§ **Goal of the exercise**
Each line of the data below between the one containing "Amanpuri Ocean Villas" and the one containing "Белое платье и розовые босоножки на свидание", both included, is to be repeated exactly. Please omit pictures.

§ **Extracted records**
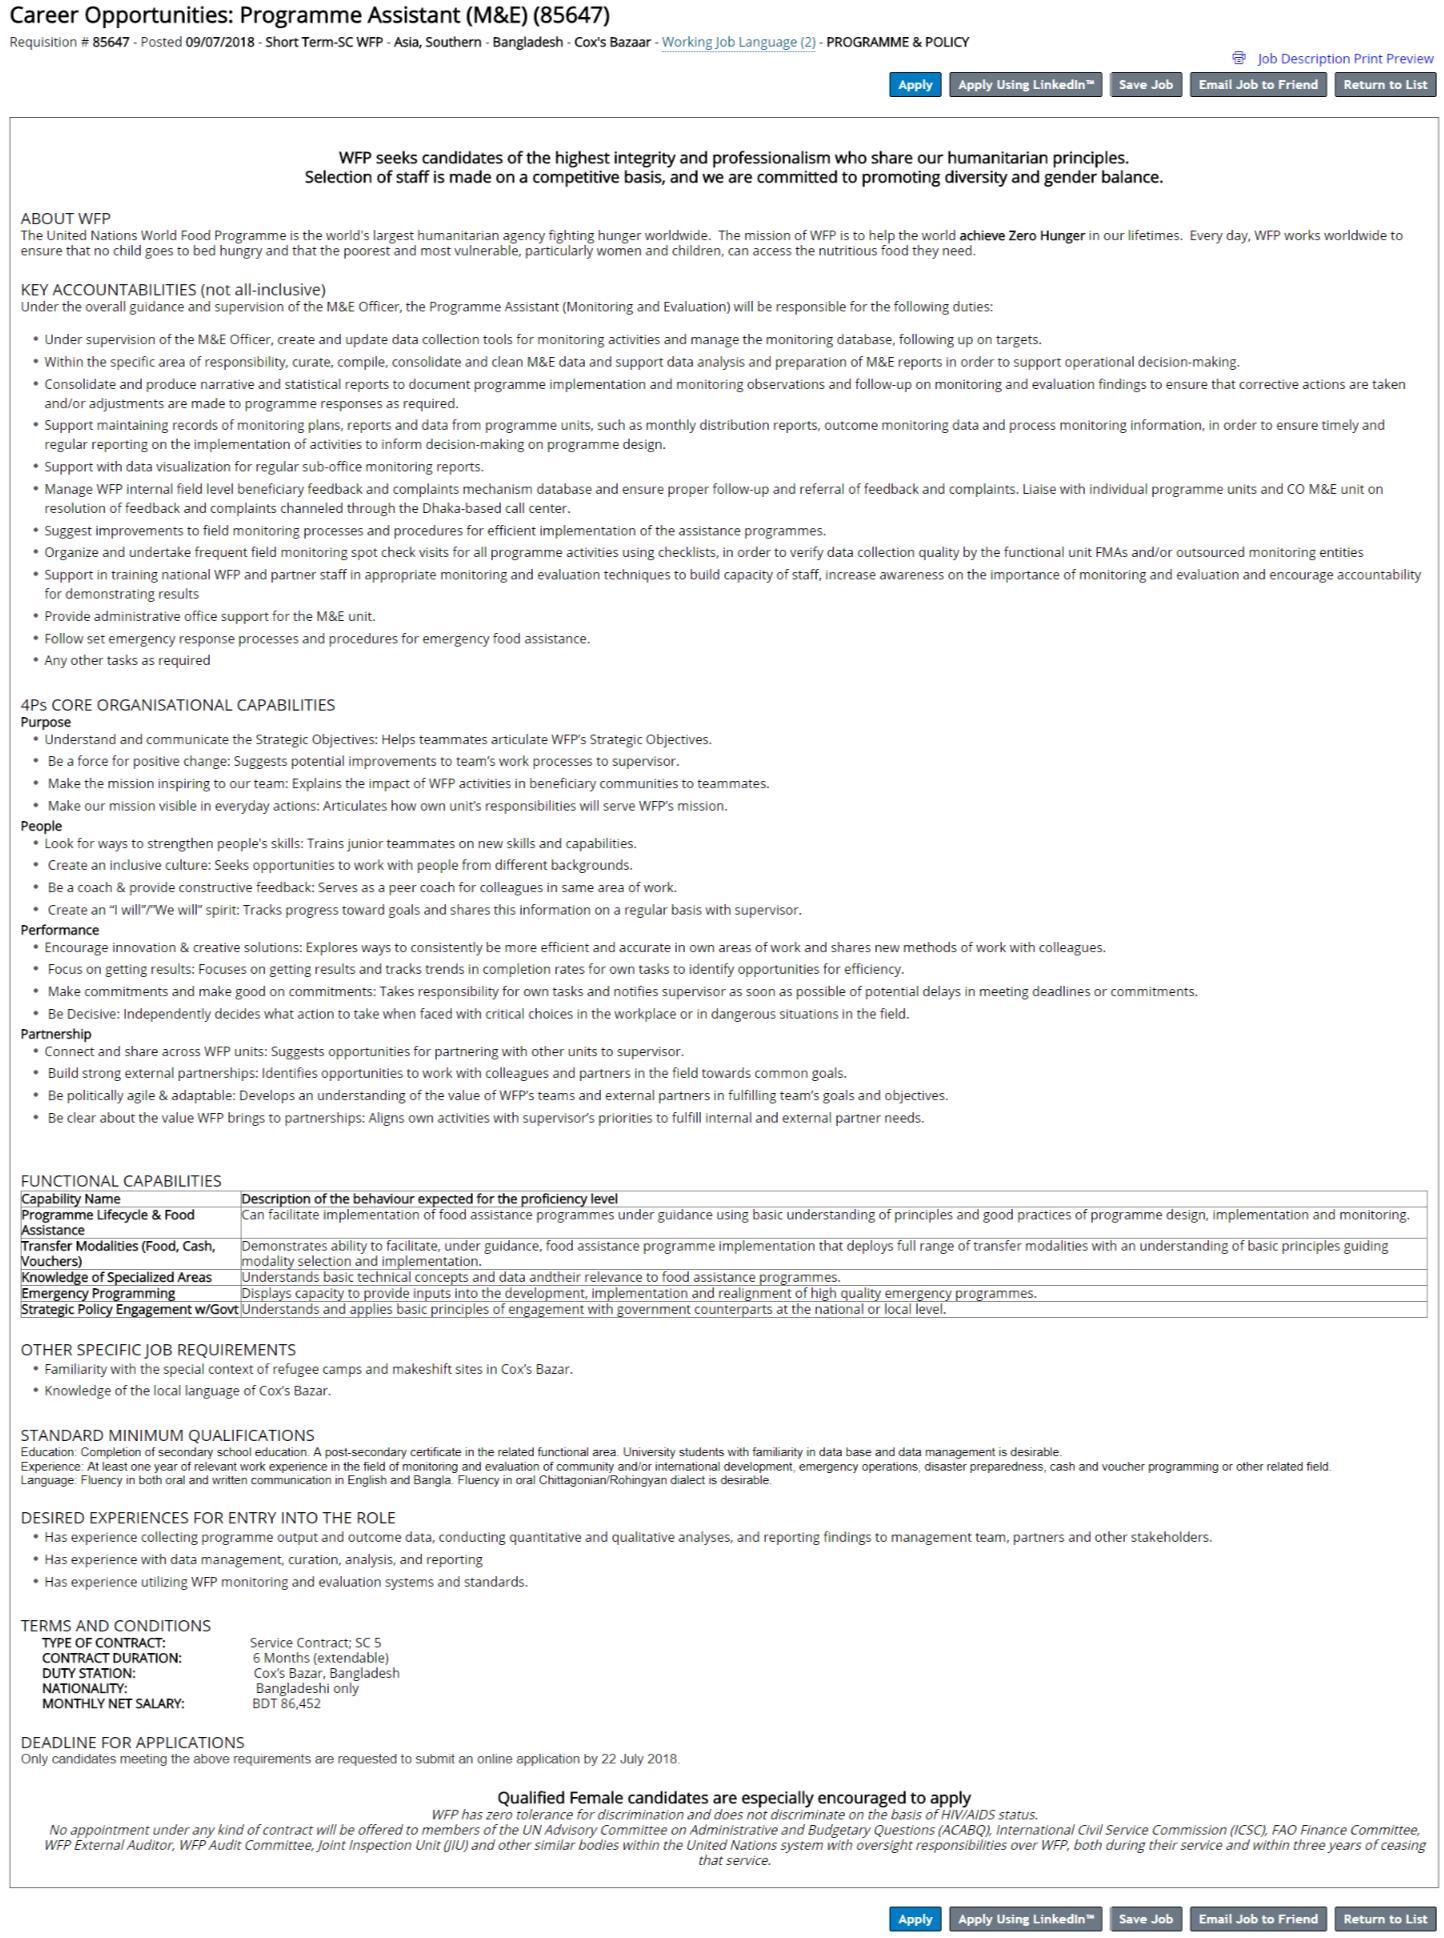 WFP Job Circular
--
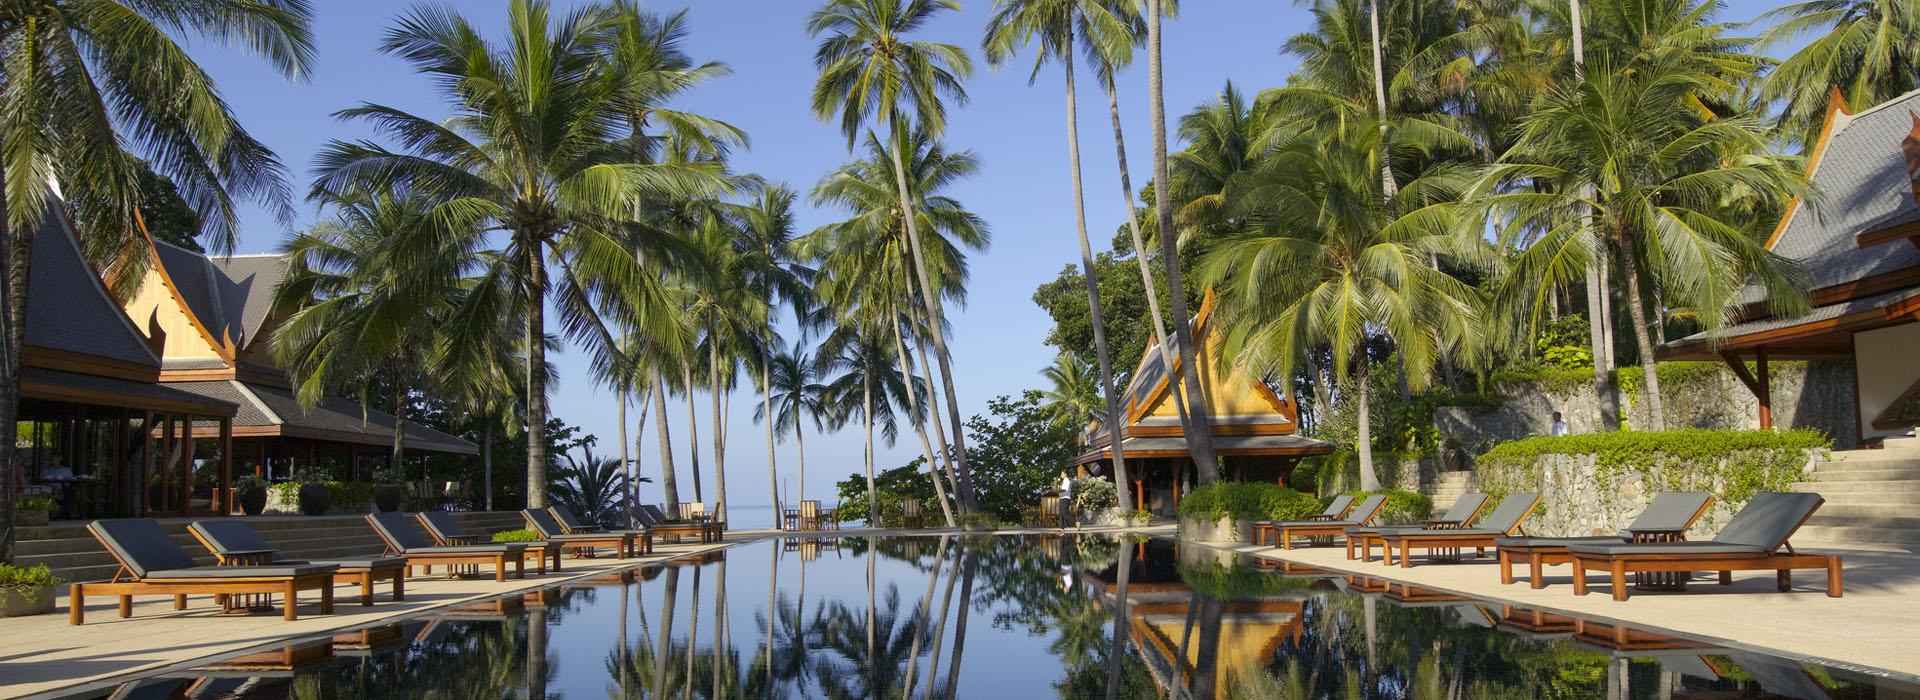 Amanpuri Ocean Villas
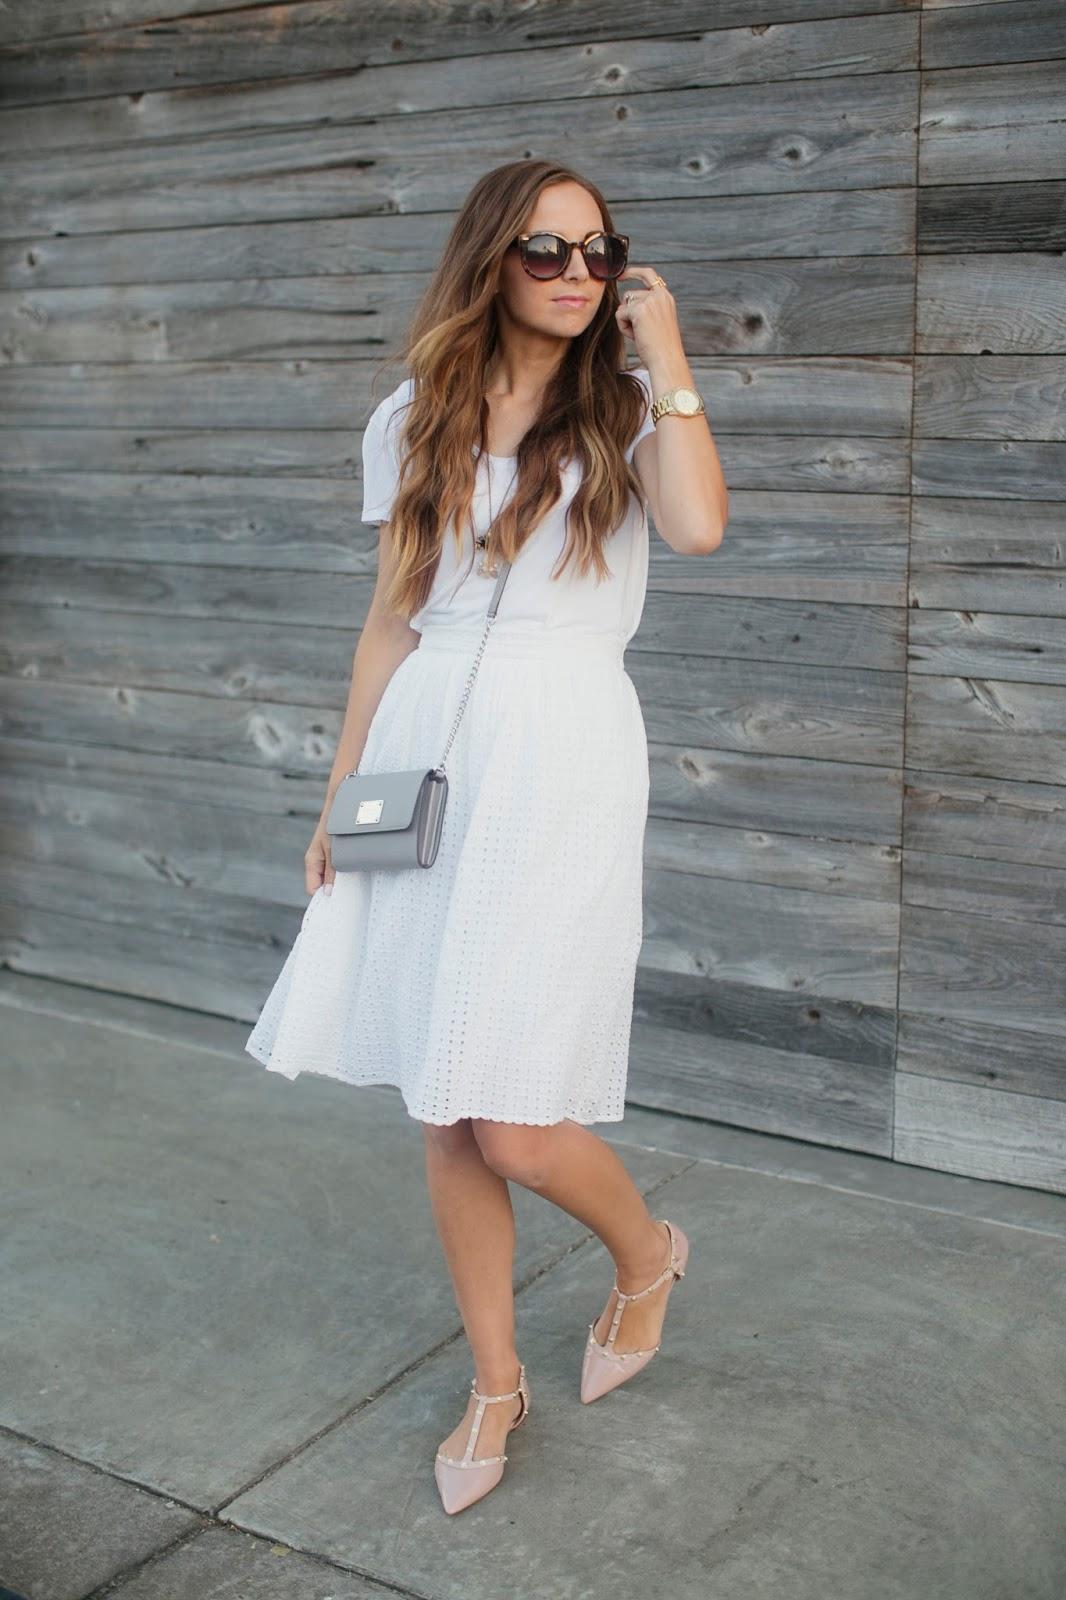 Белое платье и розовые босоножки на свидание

§ **The answer**
 Amanpuri Ocean Villas
 Белое платье и розовые босоножки на свидание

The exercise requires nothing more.